Comparative discussion of simulations

Purpose — The field of computational and data sciences extends beyond the topics focused on in this course. From the CDS-101 perspective, we’ve used the terms model and simulation as shorthand for data-driven models and simulations. Yet, there is an alternative approach to model and simulation building that works in the opposite direction and is an indispensable tool in the natural sciences, engineering, and computational social sciences. This class of models and simulations generate predictions and data without using an underlying dataset as input. To distinguish these from their data-driven counterparts, we will refer to them as follows:

• A microscopic or mechanism-driven model or simulation is based on the known laws of nature. An example is deriving equations of motion for the planets in our solar system using Newton’s law of universal gravitation.

After building this kind of model or simulation, the researcher will scan the model’s parameter space and look for trends in the predictions and outputs, which are then compared against experimental data (if available). If the model or simulation generates predictions or outputs that accord with the experimental data, then the proposed mechanism can be regarded as a plausible explanation for observed trends. However, if the predictions or outputs fail to agree with the experimental data, then the model or simulation is falsified and the proposed mechanism is rejected.

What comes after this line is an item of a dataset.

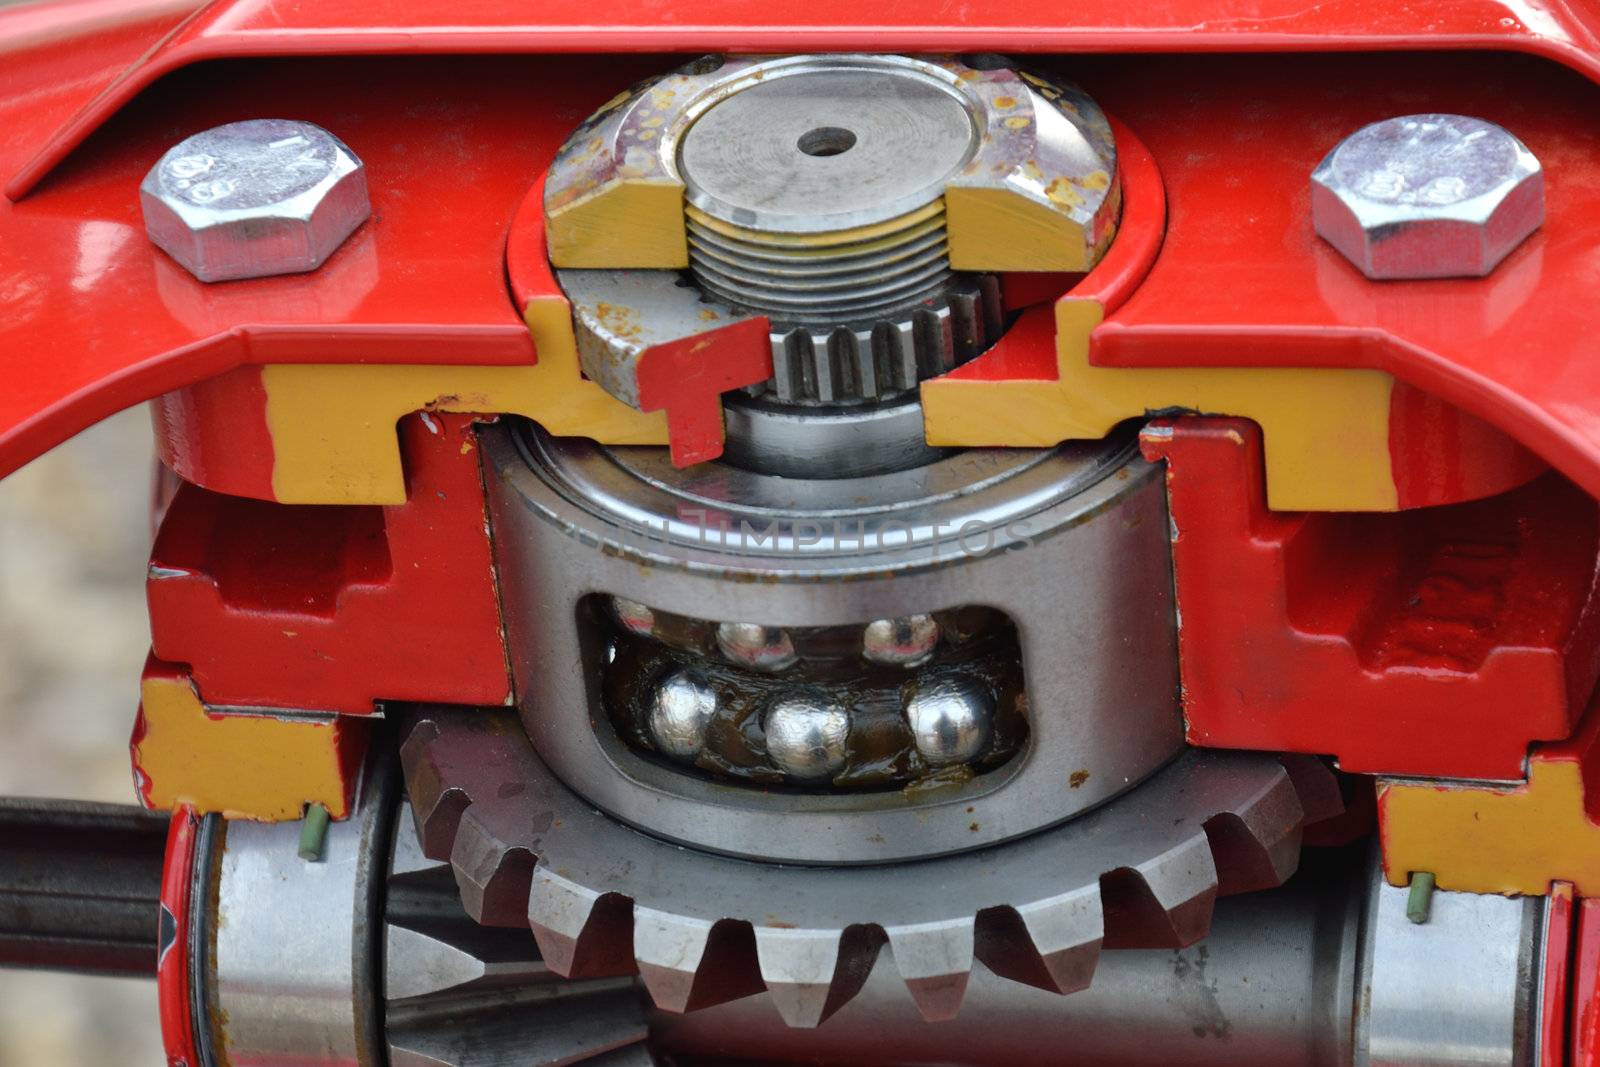 Heavy gear machinery with bearings

For your portfolio — You will visit the following two webpages containing short summaries of two simulations that share a common lineage:

Each page also contains the simulation itself implemented in Javascript, which runs inside the web browser. The simulations are visual and interactive, allowing you to change a small set of parameters using a simple dashboard. After becoming familiar with the different simulations and developing a basic intuition for how each one behaves, you will then compare and contrast them in a short write-up. Your comparative discussion must be at least 2 paragraphs in length (a minimum of one paragraph per simulation) and include the following:

• At least three ways in which the simulations are similar to one another

• For each simulation, at least one way it is different from the other one

• Pick one of the simulations and suggest a feature or rule that you could add to it that would change its outputs and predictions. You only need to do this using plain language, you are not expected to write any code for this. Be sure to hypothesize what you think the changes will do and what they might mean. For example, how do you anticipate that your proposed change will simulate different physical mechanisms or human behavior?

How to submit

When you are ready to submit, be sure to save, commit, and push your final result so that everything is synchronized to Github. Then, navigate to your copy of the Github repository you used for your final portfolio. You should see your repository, along with the updated files that you just synchronized to Github. Confirm that your files are up-to-date, and then do the following steps:

1. Click the Pull Requests tab near the top of the page.

2. Click the green button that says “New pull request”.

3. Click the dropdown menu button labeled “base:”, and select the option starting.

4. Confirm that the dropdown menu button labeled “compare:” is set to master.

5. Click the green button that says “Create pull request”.

6. Give the pull request the following title: Submission: Final Portfolio, FirstName LastName, replacing FirstName and LastName with your actual first and last name.

7. In the messagebox, write: My final portfolio is ready for grading @jkglasbrenner.

8. Click “Create pull request” to lock in your submission.